I feel I should start this post with a warning that I am not a huge fan of New Year. Maybe it's because I love Christmas so or because I dislike being told to have fun NOW, I don't know. I do know however that I don't like New Year's resolutions and all the self imposed pressure that they create. It seems mad to me that choosing to start something new or do something differently somehow means more if you make that decision on January 1st. It's a bit bonkers.
That said, this year I do feel the odd compulsion to make a statement about what I want to do in 2015. I think it's the clarity that a week or so off work has brought and the space to see that it has given. I have loved my break this year and I've had time to look back over the last twelve months with fresh eyes. There's no doubt, I'm incredibly chuffed with what has been achieved but similarly, what's fallen by the wayside makes me a little sad.
You see, the things that have slipped are my things. I have allowed myself to be blown off course too frequently. Not by a lot each time but many times over and all of those tiny deviations from my goal have left it too far away. I want to write another book you see. There, I've said it, that's what I want. I have an idea, a burning idea that makes me smile whenever I think of it but instead of doing it, I do other things. Family things, work things, things that seem important but aren't really and things that no-one would notice if they were never done again. My agenda seems to be written in the lightest pencil strokes whilst the other points on the never-ending list are writ large in thick black marker pen.
This is, however, no-one's fault but my own. I am the only one who is truly in charge of my ship and I should be setting the course, trimming the sail and staying alert at the wheel to keep me moving in the right direction. So that's what I'm going to do this year.
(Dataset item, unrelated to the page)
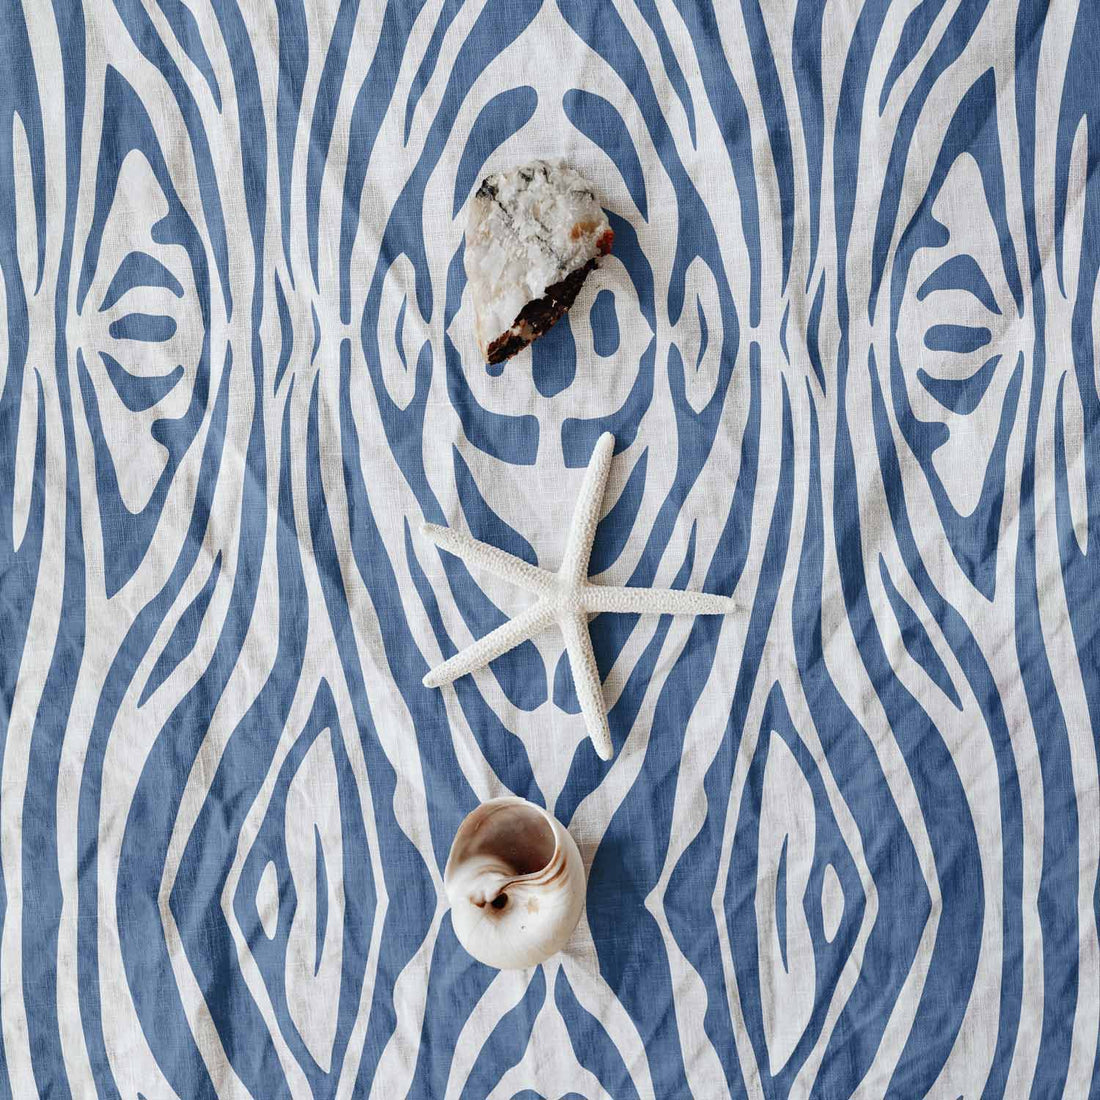 coastal fabric motif with zebra print

I'm joining The Self Preservation Society and putting myself first. Not all the time, just some of the time. Actually, just enough of the time to achieve something that will light up my life.
And it's important. It's important for me for certain but it's also important for my son and my step-children to see that if you want something, you work for it, you prioritise it and you go after it. It's important to know what you want and to know what will make you happy and, most of all, to know that those things are worth chasing.
So chase I will. Because I know where I'm heading.